IT WOULD GREATLY BE APPRECIATED IF YOU CAN SEND ME THE MAKE UP OF HOW TO MAKE THIS BOX. MY SON SAW IT AND HE FELL IN LOVE WITH IT. PLEASE SEND IT TO ME, THANK YOU.


----------



## WILLIDEE (Sep 18, 2007)

*Diagram Of Jack In The Box*

If Someone Has The Diagram Of The Jack In The Box, It Would Greatly Be Appreciated If You Can Send Them To Me. Just Love It, Thanks.


----------



## teampro687 (Sep 22, 2007)

*Very cool*

That is so cooool....could I get some instructions too?


----------



## WILLIDEE (Sep 18, 2007)

*Jack In The Box*



teampro687 said:


> That is so cooool....could I get some instructions too?

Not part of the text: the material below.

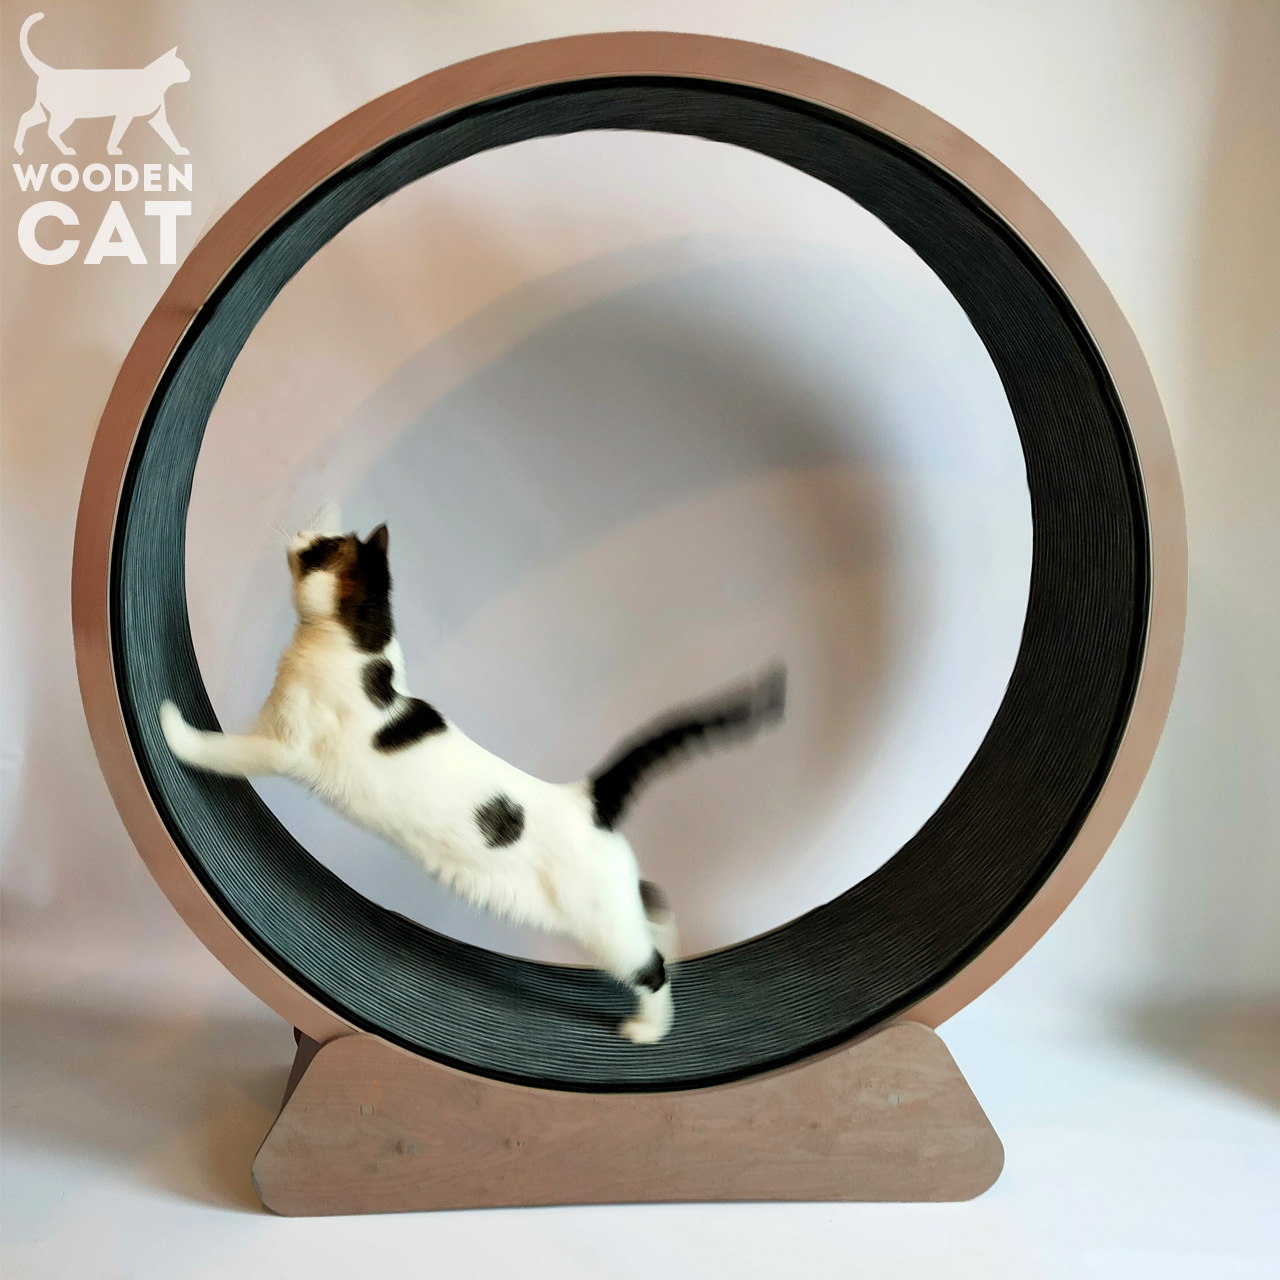 How to teach your cat to use wheel?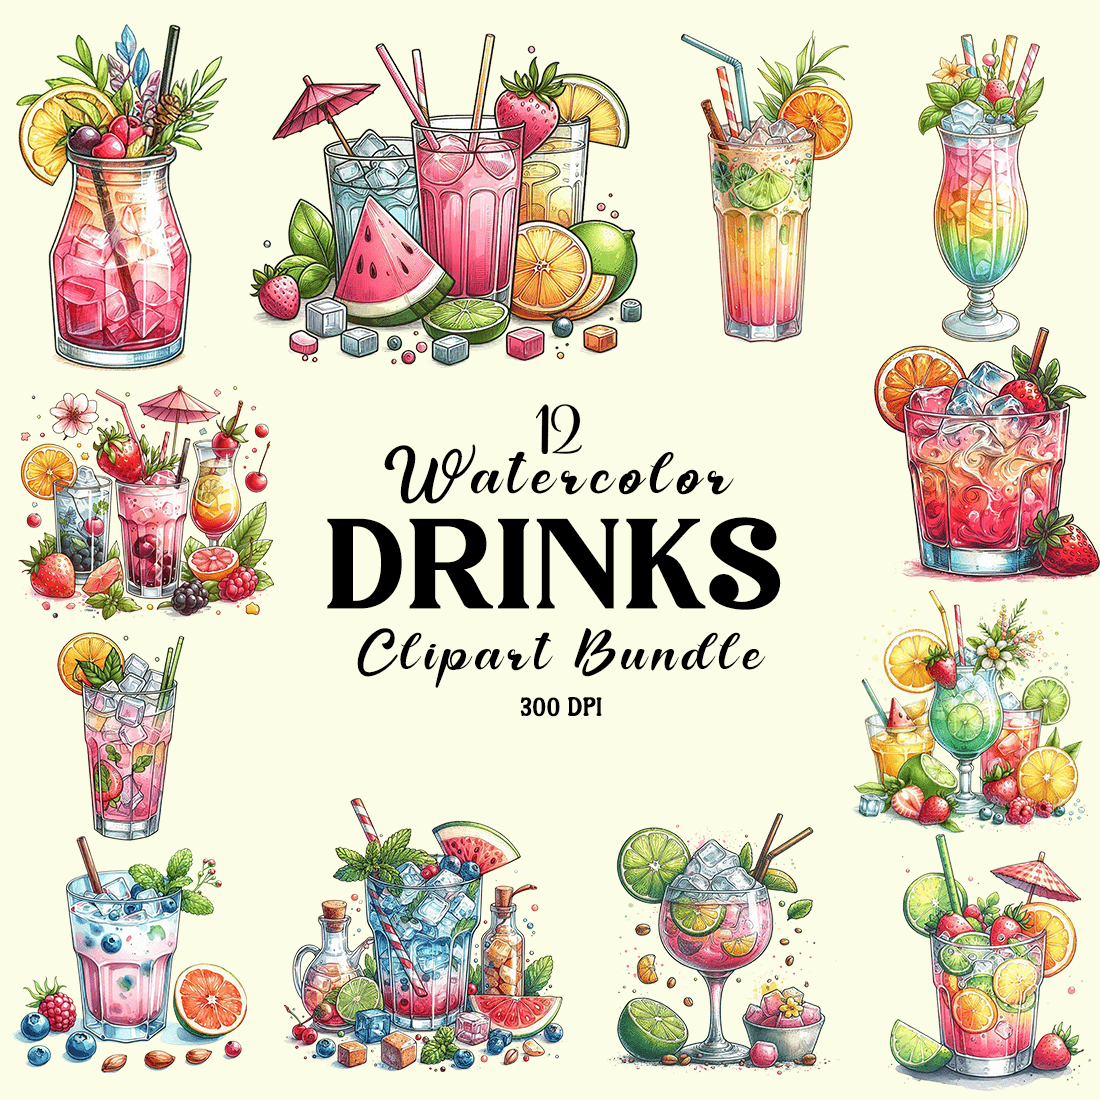 Watercolor Drinks Clipart Bundle cover image.

I SENT YOU THE INSTRUCTIONS HOPE YOU LIKE THEM, I GOT THEM FROM SOMEONE ELSE.


----------



## goolie (Oct 19, 2004)

babygirl_kmp said:


> Madmax I sent your email to stroms7 I hope I don't offend you. Just tryin to help ya out so ya won't have to type it again. and Stroms7 if you have questions I would direct them to madmax since he has built this and I am still in the process


Any chance you could send this to me? That thing is freakin' awesome!
Thanks!


----------



## goolie (Oct 19, 2004)

babygirl_kmp said:


> Ok I've been gettin alot of requests for this email I amazingly still have from Madmax.... I'm sorry if you posted here wanting the email, I don't usually check this site much.... So if you want my email from Madmax, which shows a few pics and a brief explanation.... PM me.
> Note: We ended up building something similar yet not the same as what Madmax built. I have a picture of the clown pop up we made in my photobucket. It's in the 2006 folder. I can't be of much help for madmax's design nor can he. But this email should give you an idea.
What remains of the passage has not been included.